Frederick Carter (born 1835, date of death unknown) was a convict transported to Western Australia, later to become one of the colony's ex-convict school teachers.

Early life and transportation
Frederick Carter was born in 1835.  A gunsmith by trade, he had a lifelong interest in sports, especially horseracing, and he was an outstanding rider and trainer of horses.  In 1865, Carter was found guilty of a felony by the Birmingham courts, and sentenced to ten years' penal servitude.  The following year, he was transported to Western Australia on board the Corona, arriving in December 1866.

Career in Australia
After receiving his ticket of leave, Carter was employed as a servant of another ex-convict, Theodore Richards. Richards was a school teacher at Katrine school, and Carter was sometimes asked to assist with teaching.
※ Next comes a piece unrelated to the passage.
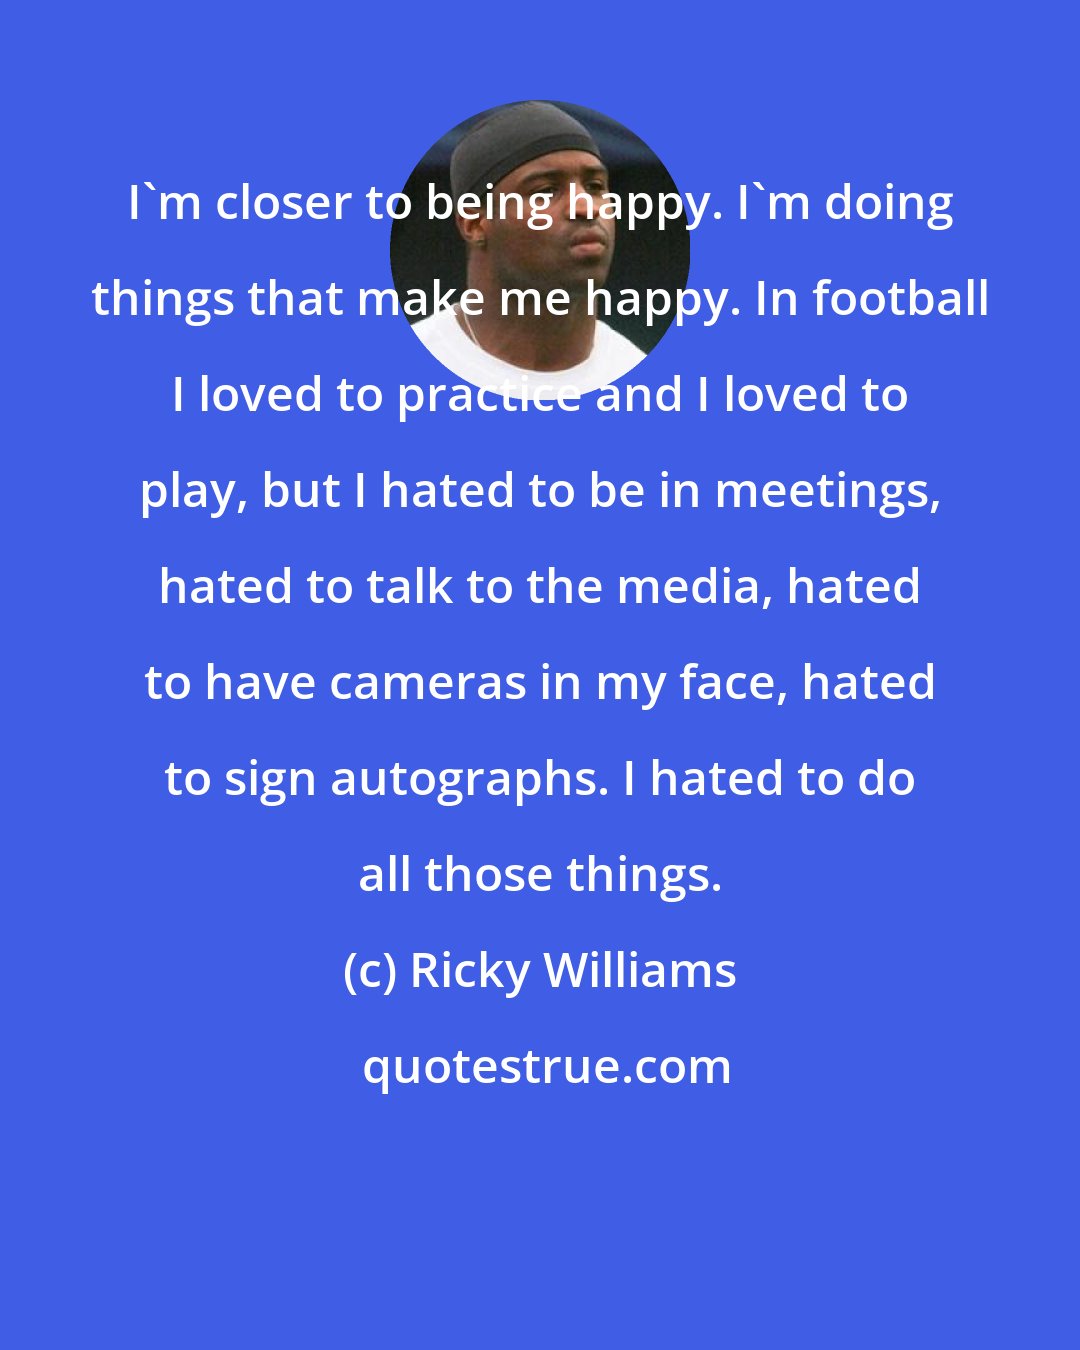 Ricky Williams: I'm closer to being happy. I'm doing things that make me happy. In football I loved to practice and I loved to play, but I hated to be in meetings, hated to talk to the media, hated to have cameras in my face, hated to sign autographs. I hated to do all those things.

In 1870, Carter took a teaching post at Seven Springs, near Newcastle, but attendance was poor and this affected his salary.  The following year he accepted a teaching appointment at Bejoording, where there was a regular attendance of around 25 pupils.  He remained there until 1874.  During that time he rode to Newcastle (now Toodyay) every weekend to help in a racing stables.  He also had a servant, and employed other ex-convicts to cut sandalwood.  Erickson (1983) writes that he was also an impressive hurdler: "Not for him the tedium of dismounting to let down the sliprails. He hurdled every gate and fence across his path".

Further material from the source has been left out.